Recent Earthjustice reports that rely on data from utilities found a western Tennessee coal ash landfill was among the 10 most contaminated sites in the U.S. and at least six Kentucky utilities have long-term plans to store coal ash in unlined storage ponds.

Evans said she’s concerned construction of the solar farm will strain the cap of the coal ash landfill, and repairs will be difficult once it’s in place. She said it’s “absolutely essential” that the agency restores groundwater and makes sure the landfill’s impermeable cap is secure.

“It's essential that that cap not allow any water to enter that landfill,” Evans said. “When water soaks coal ash in a landfill, the coal ash contaminants – very harmful contaminants like arsenic in this case, molybdenum and lithium – have been leaking from the landfill.”

Putting solar installations on brownfield sites and landfills isn’t uncommon. The U.S. Environmental Protection Agency and the National Renewable Energy Laboratory jointly released a best practices guide for how to ensure solar energy systems don’t compromise the caps that seal landfills.

In a statement provided to WKMS, an EPA representative said utility-scale solar systems can be placed on coal ash landfills without endangering the environment.

“The most important consideration in the design and installation of a PV (photovoltaic) system on a coal ash landfill is that it be done in consultation with federal, state and local authorities and comply with applicable laws and regulations and closure, stormwater runoff, and other permitting requirements,” the statement said. “This will ensure that the PV solar design and installation appropriately considers and mitigates inherent risks.”

The Rock River Solar Plant in Wisconsin and the Orlando Utility Commission’s Community Solar Plant in Florida have executed similar efforts in the last decade.
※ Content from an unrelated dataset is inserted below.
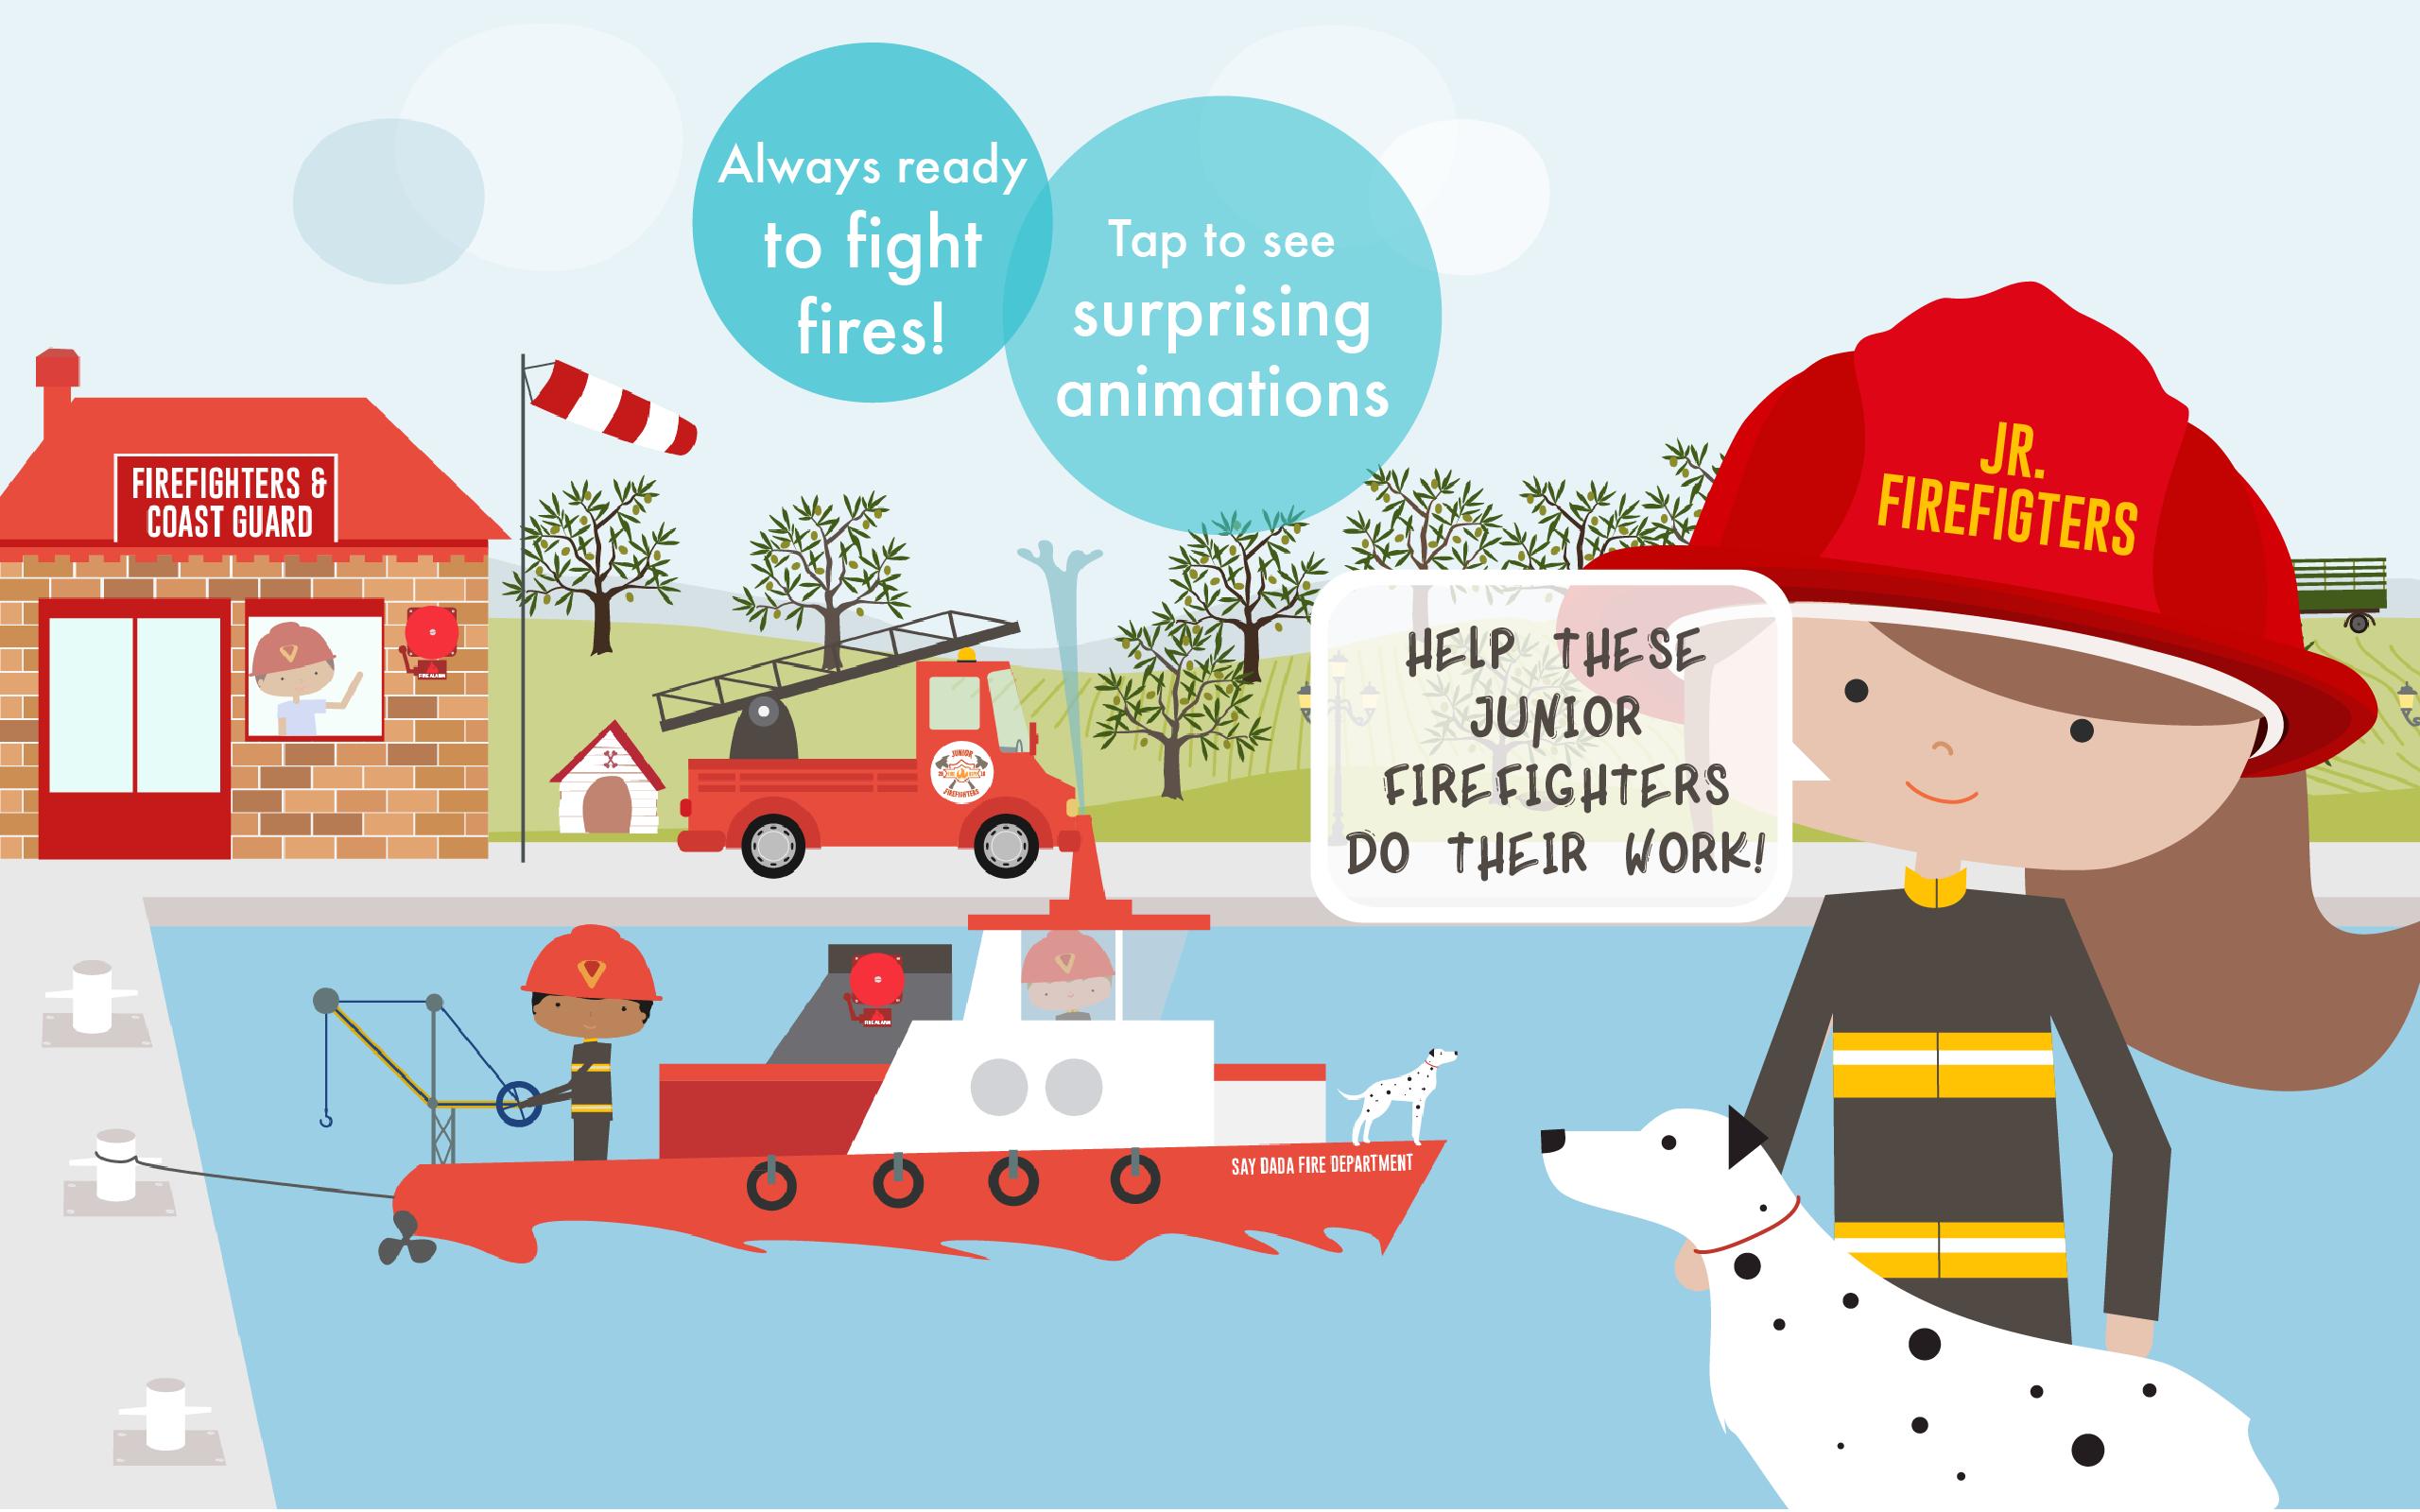 how to start a junior firefighter program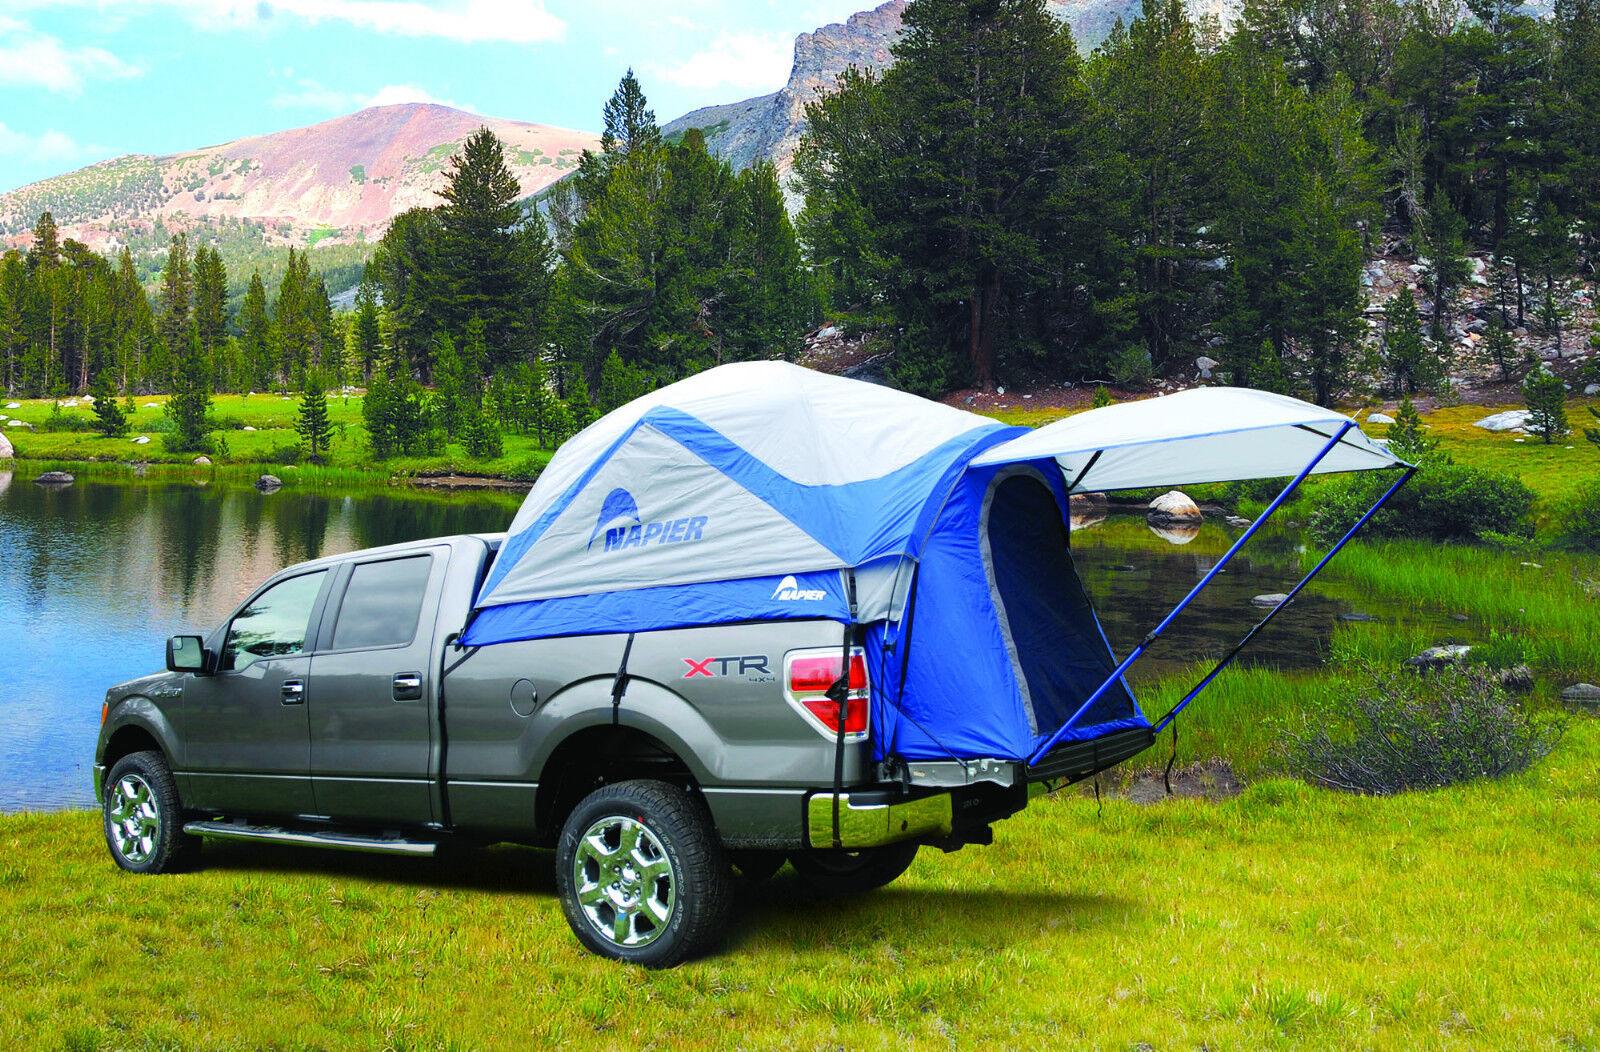 Napier Sportz Truck Tent for Toyota Tacoma 5 Foot Compact Bed C&ing 57066 4 4 of 12 ... & NAPIER SPORTZ TRUCK Tent for Toyota Tacoma 5 Foot Compact Bed ...

Both projects sit atop coal ash landfills and anchor the solar arrays using ballasted systems to try and minimize impacts on the landfill cap.

TVA chief operating officer Bob Moul said the utility will use a “closure turf” system to cap the coal ash field during November’s board meeting, but made no mention of what sort of structure would be used for the solar arrays.

TVA spokesperson Scott Fiedler said the project is “closer to the starting line than we are to the finish line.”

“We've got to go through the environmental reviews and then any type of regulatory approvals, then it will move into more of a planning phase and that allows us to really dive into those numbers and figure out where this money's going but the key is that we've got the money approved we're moving forward with the project and we're bringing new life to a coal facility that you know would have just sat dormant there with an ash stack,” Fiedler said.

Moul said the project, pending environmental and regulatory reviews, could be operational in two years.